### WHAT NEEDS TO BE DONE
Only the lines from the one with "OFERTA DE EMPLEO" through the end of the data below belong in the answer, restated word for word, pictures excluded.

### INPUT DATA
★ ★ ★ ★ ★ ★ ★
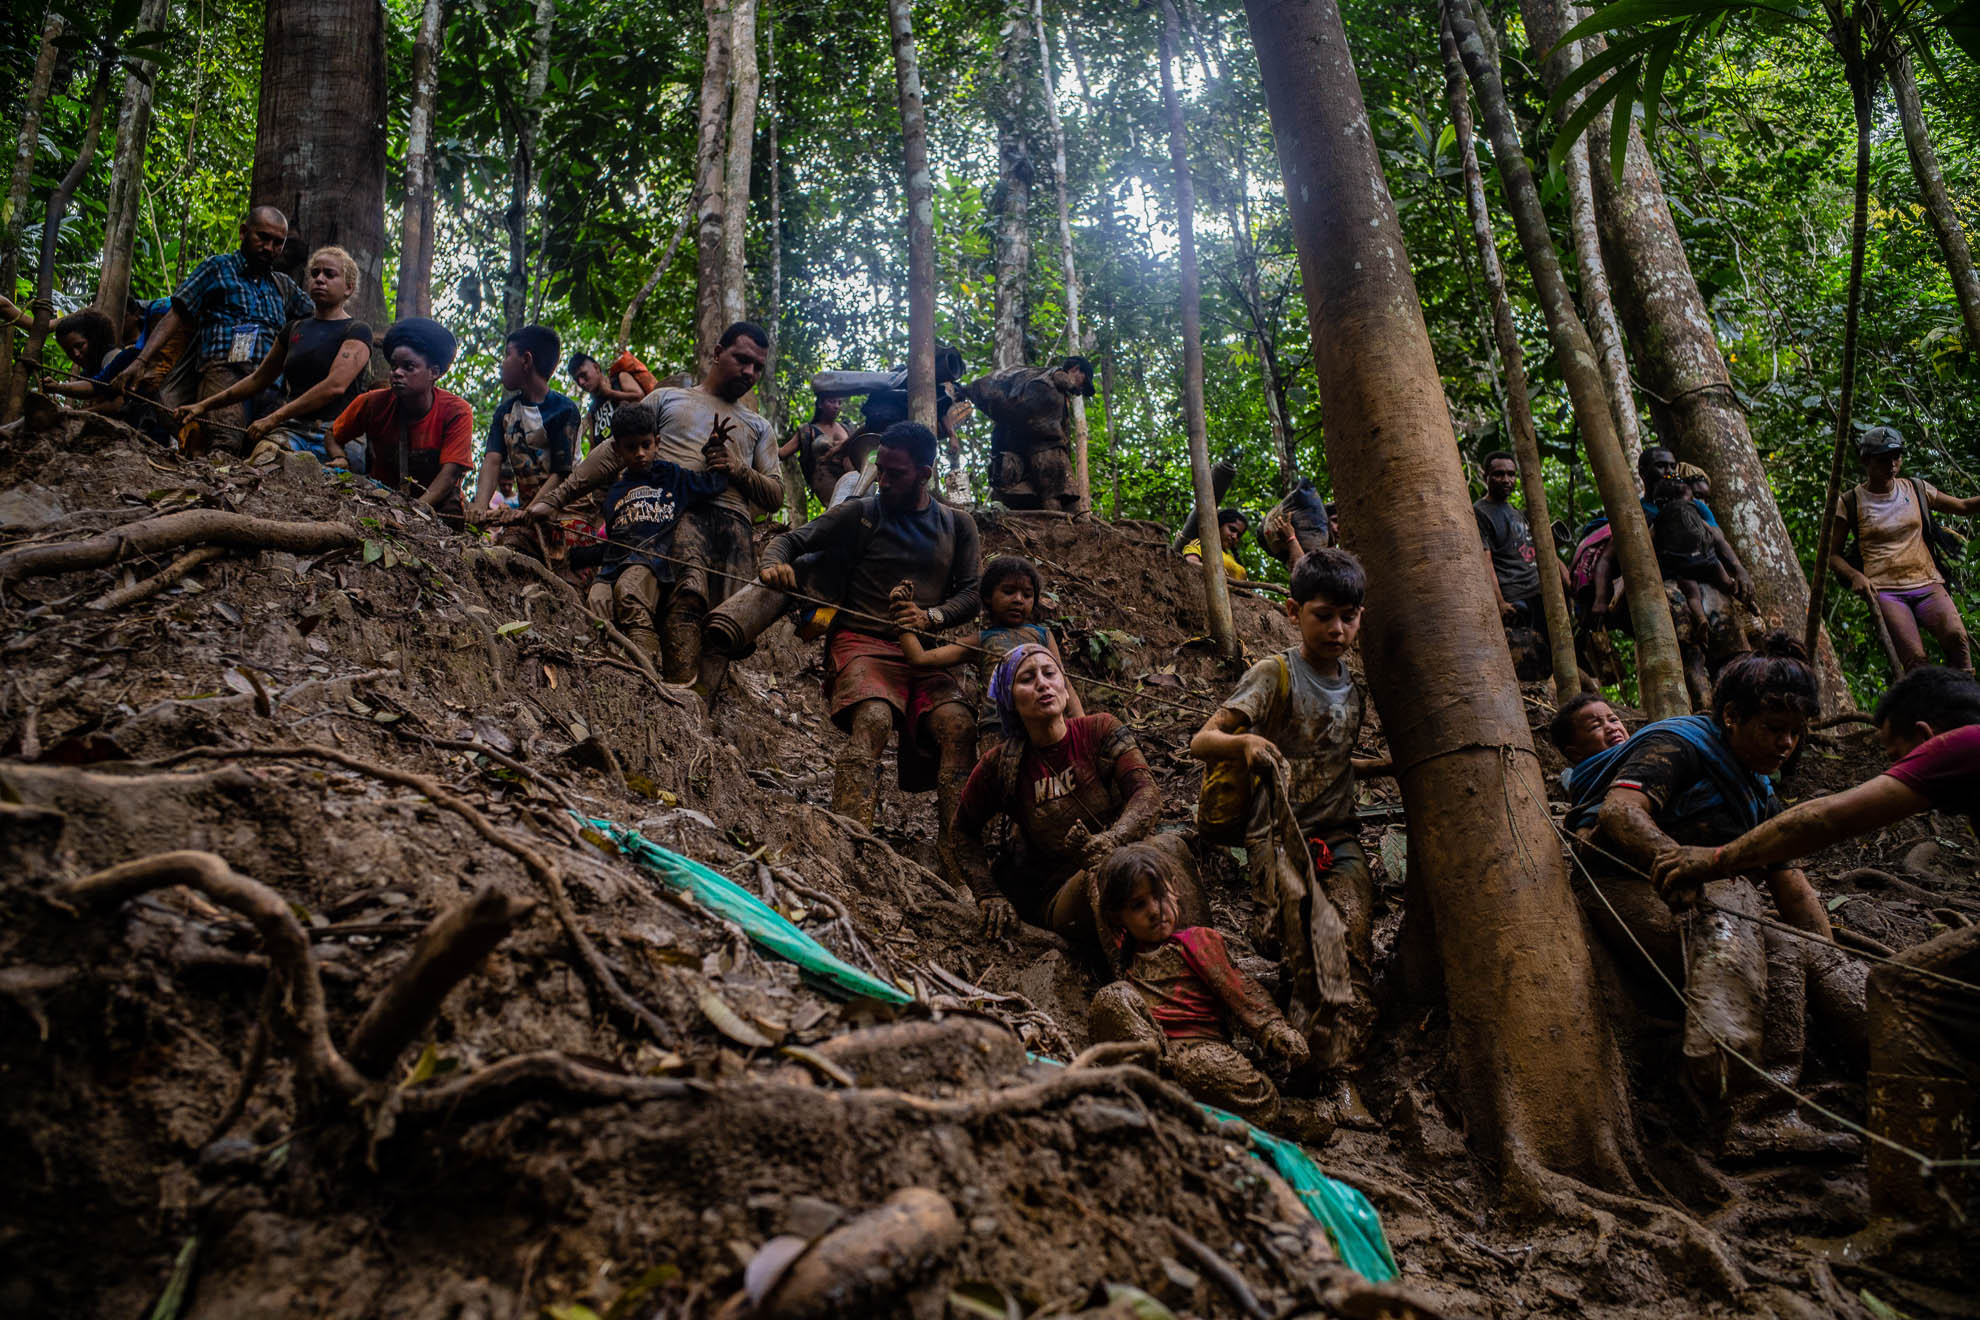 Este año, una cifra sin precedentes de 200.000 personas han cruzado la escarpada selva entre Sudamérica y Centroamérica conocida como El Tapón del Darién, casi veinte veces el promedio de hace unos años. La gran mayoría son venezolanos. Septiembre de 2022.
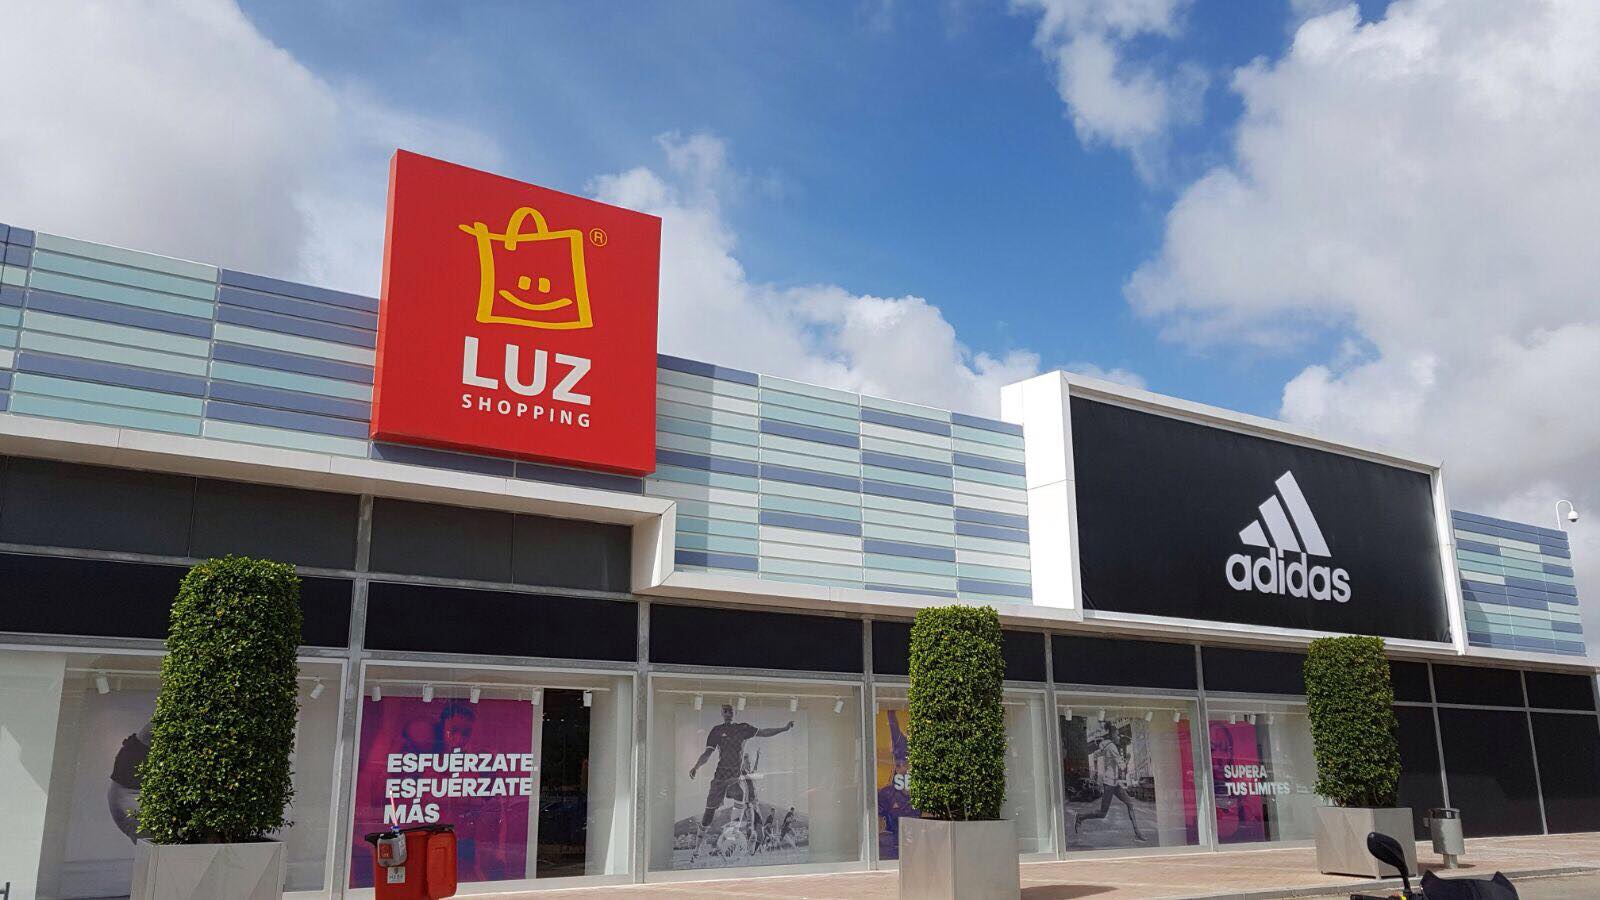 OFERTA DE EMPLEO EN JEREZ | busca vendedores para su tienda de LUZ Shopping en Jerez Televisión
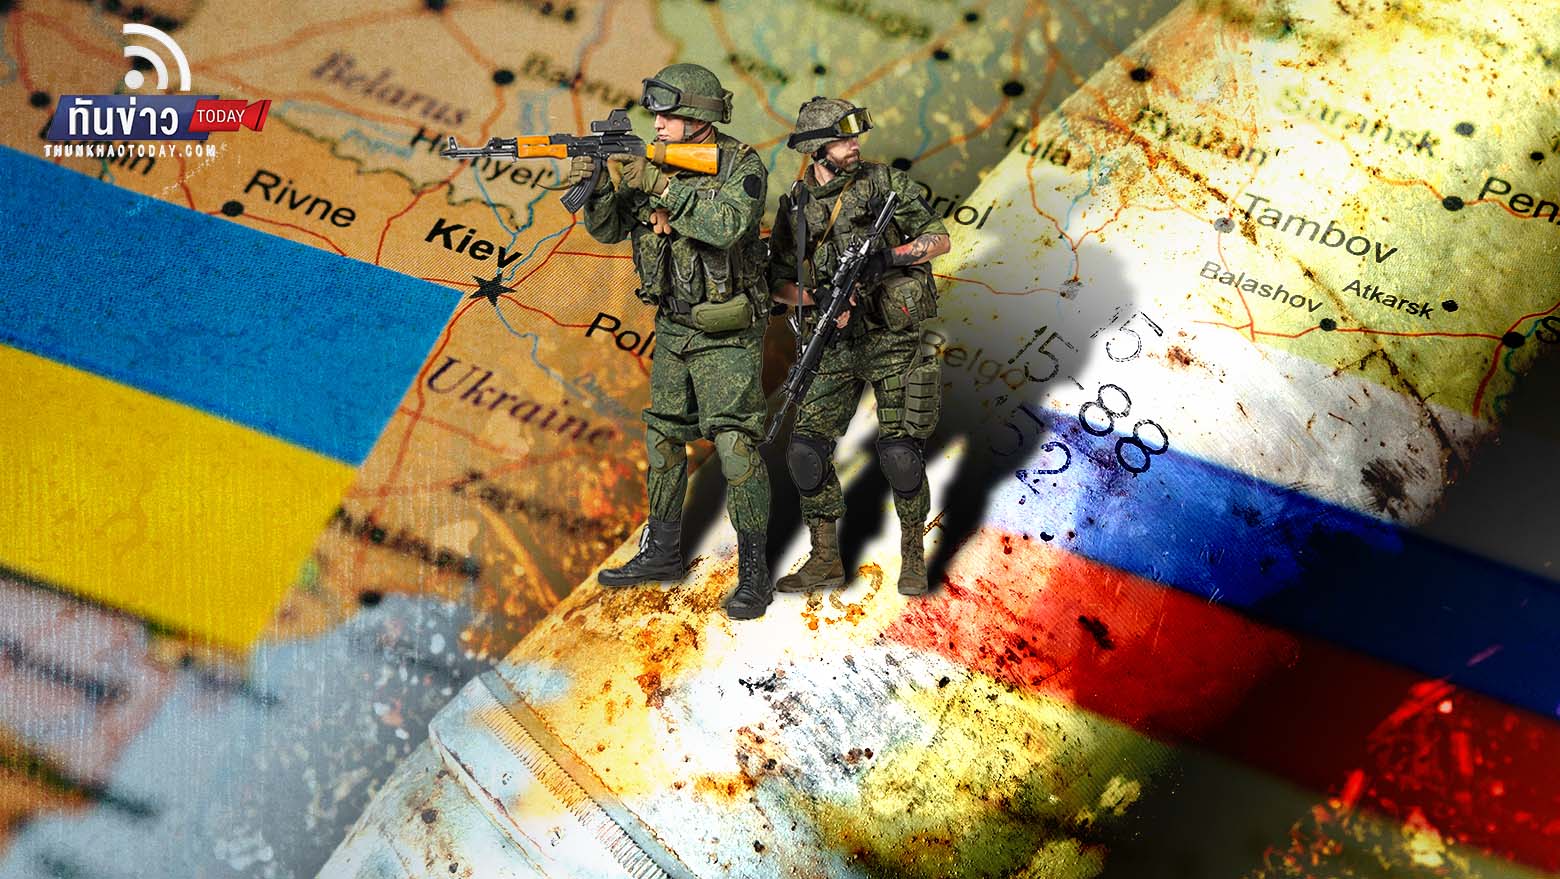 ““ปูติน” ย้ำรัสเซียจะปักหลักต่อสู้ในยูเครนไปอีกนาน และนิวเคลียร์มีไว้ป้องกันตัวไม่ชิงโจมตีก่อน
★ ★ ★ ★ ★ ★ ★
### WRITTEN REPLY
 OFERTA DE EMPLEO EN JEREZ | busca vendedores para su tienda de LUZ Shopping en Jerez Televisión
 ““ปูติน” ย้ำรัสเซียจะปักหลักต่อสู้ในยูเครนไปอีกนาน และนิวเคลียร์มีไว้ป้องกันตัวไม่ชิงโจมตีก่อน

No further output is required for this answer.